Property investment is a great way to earn passive income. If you’re a first-time landlord or investor, you need to think about rent collection, business credit, emergency funding, and other income management elements. Read on to find out how to prepare a house for rent and the best way to collect rent as a landlord.
Create a clear, low-hassle rent collection system
Rent collection is a significant headache for income properties. If you can streamline the process, you’ll find it much easier to manage your rental from month to month. Instead of picking up rent checks or having tenants bring you money for rent, consider using one of the many online rent collection platforms. Here are three rent payment portals we recommend for our clients:
- PayNearMe.com is an excellent solution if you have mostly cash-based rent payments. Tenants can pay rent at CVS Pharmacy, 7-Eleven, and other approved retailers, so you do not have to handle the cash directly. You’ll receive the funds via ACH, along with information about the tenant.
- TenantCloud.com is an online rent collection platform. The basic account is free, but you can upgrade to an Advanced account that will automatically sync your bookkeeping information to QuickBooks. We’ve worked with many property managers who say they love TenantCloud and its features.
- Cozy.co is a free rent collection website where renters can pay rent, submit maintenance requests, and more. The accounting options aren’t as efficient as they are on TenantCloud, but you can export your bookkeeping details to other programs.
Get a business checking account for rental income
Once you have a convenient way to collect rent payments, you need to isolate them from other personal income. We recommend establishing a business checking account and a security deposit account to prepare your house for rent. The checking account acts as an operations account for rent deposits and general expenses. The security deposit account holds funds that you’re not going to touch often. This setup provides a solid foundation for managing property income in the future.
Use rental income to build business credit
Business credit is incredibly useful for landlords. If you need to make an emergency repair or renovation investment, you can use a line of credit instead of tapping into personal cash. Get a business credit card and actively use it to make purchases for the property. Pay off the credit card each month, and you’ll have a solid credit history for the business.
Prepare for the long term and the “what-ifs”

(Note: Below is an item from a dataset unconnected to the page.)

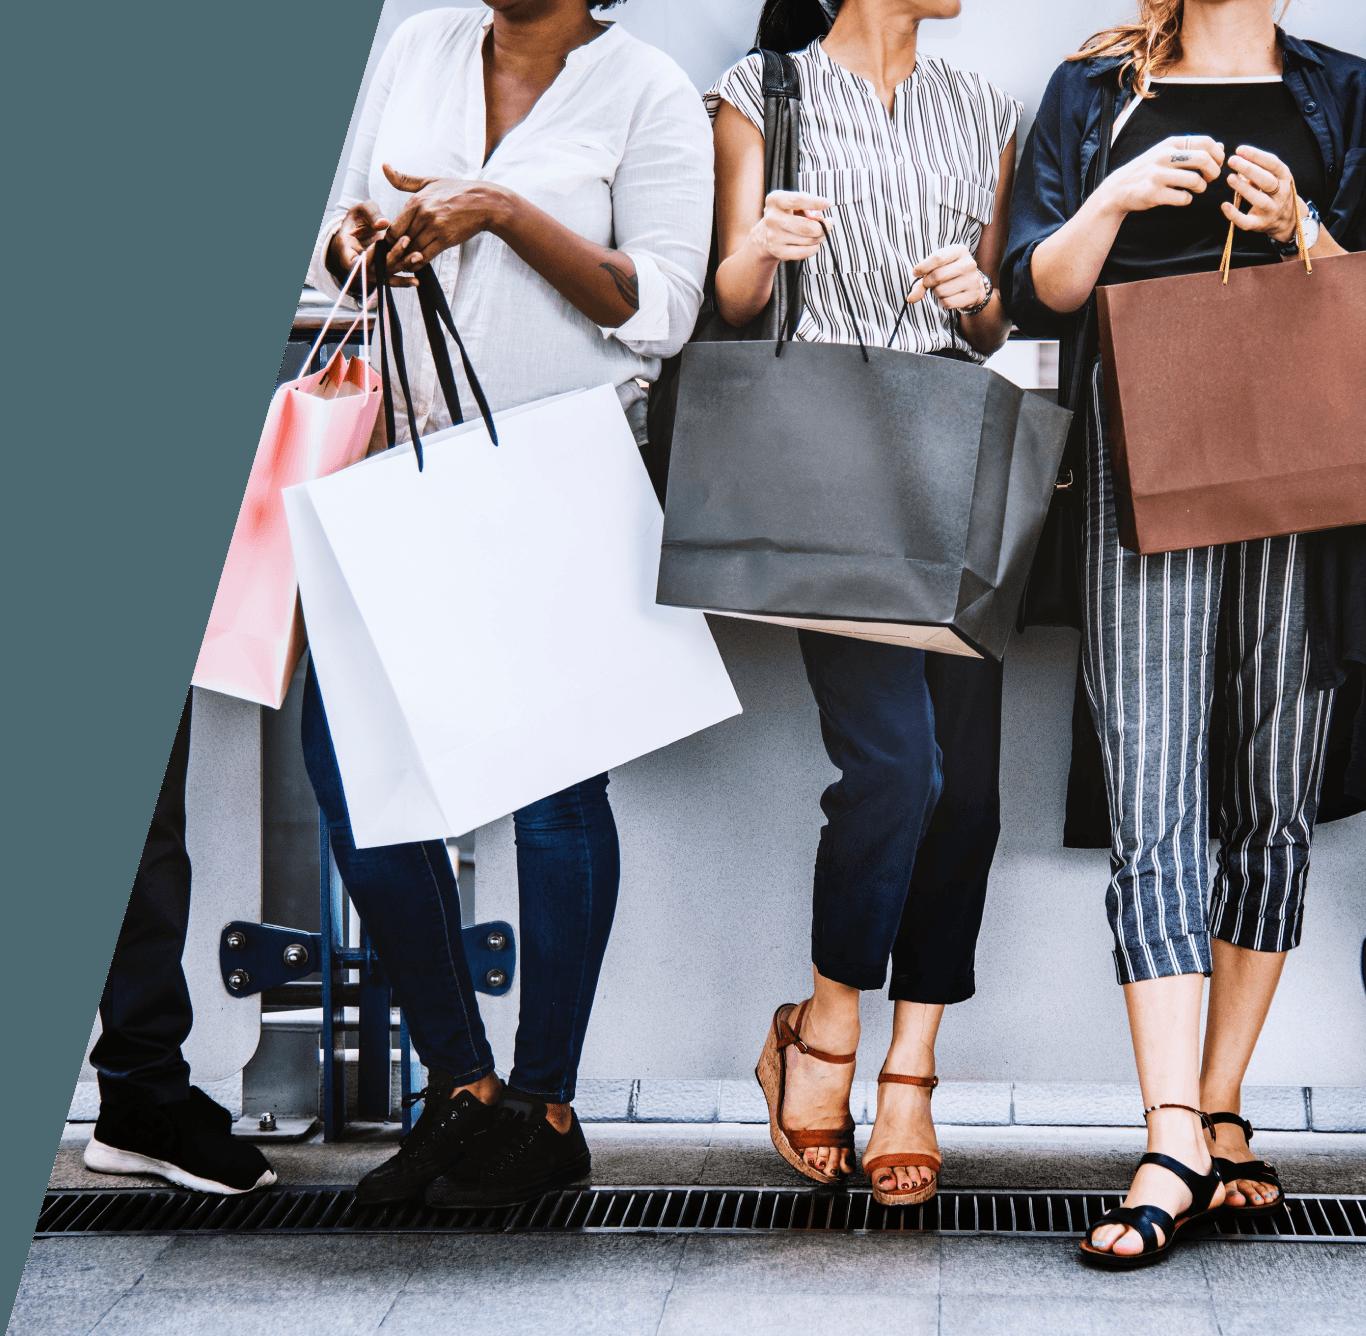 Estudio de mercado del sector retail y moda

You’ve established the baseline accounting operations to prepare a house for rent. Now it’s time to think about long-term cash flow issues you may come across. What will the carrying costs be between tenants? What lines of credit are available in case of an emergency? How much cash should you have on hand if you need to file a hefty insurance claim on the house? Think about the financial “what ifs” so you can confidently address them when the time comes.